How to Handle Pagination¶
Handle paginated API responses in data sources to fetch large result sets efficiently.
๐ค AI-Generated Content
This documentation was generated with AI assistance and is still being audited. Some, or potentially a lot, of this information may be inaccurate.
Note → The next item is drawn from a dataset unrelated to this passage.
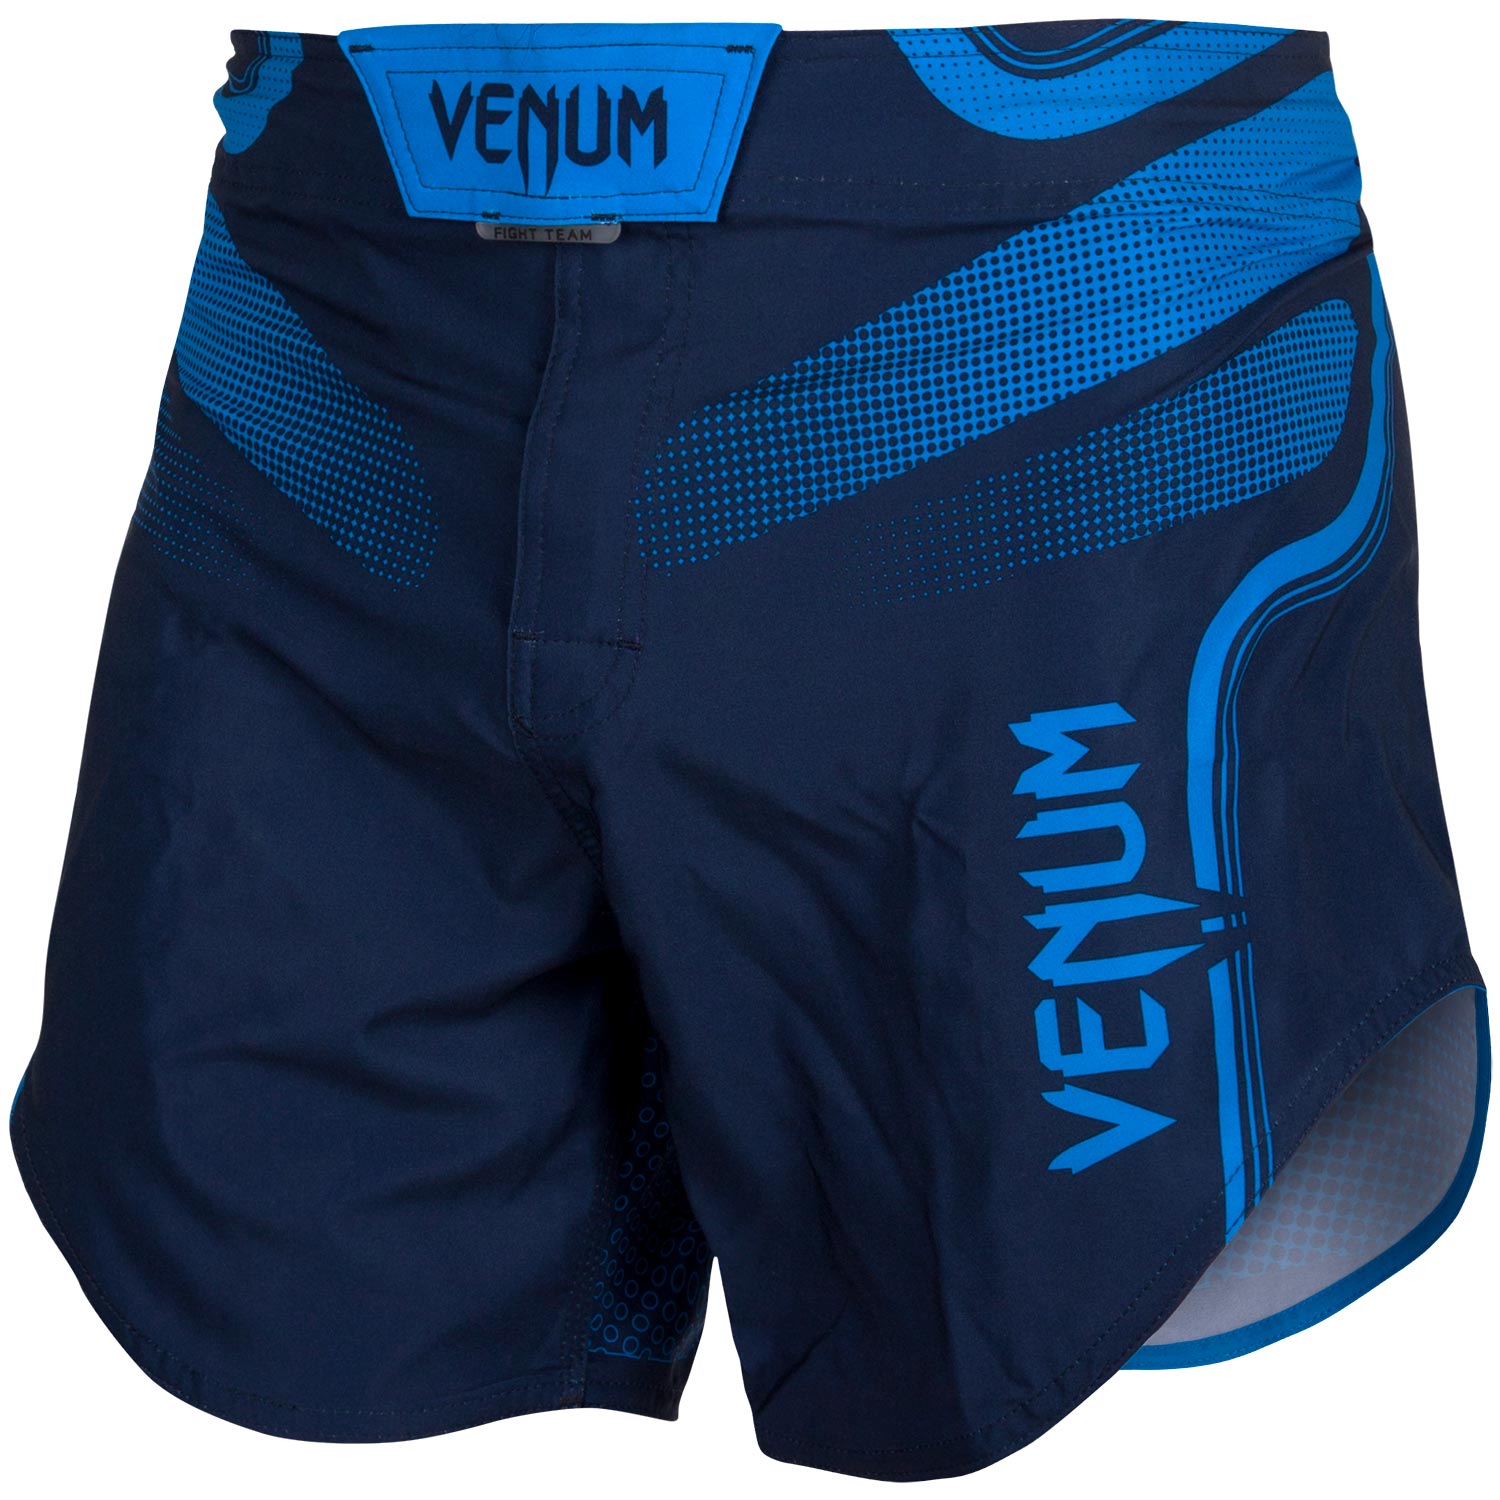 Pantalones cortos hombres – Venum España

Learn more.
Basic Pagination Pattern¶
import attrs
import httpx
from pyvider.data_sources import register_data_source, BaseDataSource
from pyvider.schema import s_data_source, a_str, a_num, a_list, PvsSchema
@attrs.define
class PaginatedQueryConfig:
endpoint: str
limit: int = 100 # Max results to fetch
@attrs.define
class PaginatedQueryData:
id: str
items: list[dict]
total_fetched: int
has_more: bool
@register_data_source("paginated_query")
class PaginatedQuery(BaseDataSource):
config_class = PaginatedQueryConfig
state_class = PaginatedQueryData
@classmethod
def get_schema(cls) -> PvsSchema:
return s_data_source({
"endpoint": a_str(required=True),
"limit": a_num(default=100),
"id": a_str(computed=True),
"items": a_list(a_map(a_str()), computed=True),
"total_fetched": a_num(computed=True),
"has_more": a_bool(computed=True),
})
async def read(self, config: PaginatedQueryConfig) -> PaginatedQueryData:
all_items = []
page = 1
has_more = True
async with httpx.AsyncClient() as client:
while has_more and len(all_items) < config.limit:
response = await client.get(
f"https://api.example.com{config.endpoint}",
params={"page": page, "per_page": 100}
)
data = response.json()
all_items.extend(data["items"])
has_more = data.get("has_more", False)
page += 1
# Stop if we have enough
if len(all_items) >= config.limit:
break
return PaginatedQueryData(
id=f"{config.endpoint}:{config.limit}",
items=all_items[:config.limit],
total_fetched=len(all_items[:config.limit]),
has_more=has_more,
)
Token-Based Pagination¶
Many APIs use cursor/token-based pagination:
async def read(self, config: Config) -> Data:
all_items = []
next_token = None
async with httpx.AsyncClient() as client:
while len(all_items) < config.limit:
params = {"limit": min(100, config.limit - len(all_items))}
if next_token:
params["next_token"] = next_token
response = await client.get(
f"https://api.example.com{config.endpoint}",
params=params
)
data = response.json()
all_items.extend(data["items"])
next_token = data.get("next_token")
# No more pages
if not next_token:
break
return Data(
id=f"{config.endpoint}:{config.limit}",
items=all_items,
total_fetched=len(all_items),
)
Offset-Based Pagination¶
Traditional offset/limit pagination:
async def read(self, config: Config) -> Data:
all_items = []
offset = 0
page_size = 100
async with httpx.AsyncClient() as client:
while len(all_items) < config.limit:
fetch_size = min(page_size, config.limit - len(all_items))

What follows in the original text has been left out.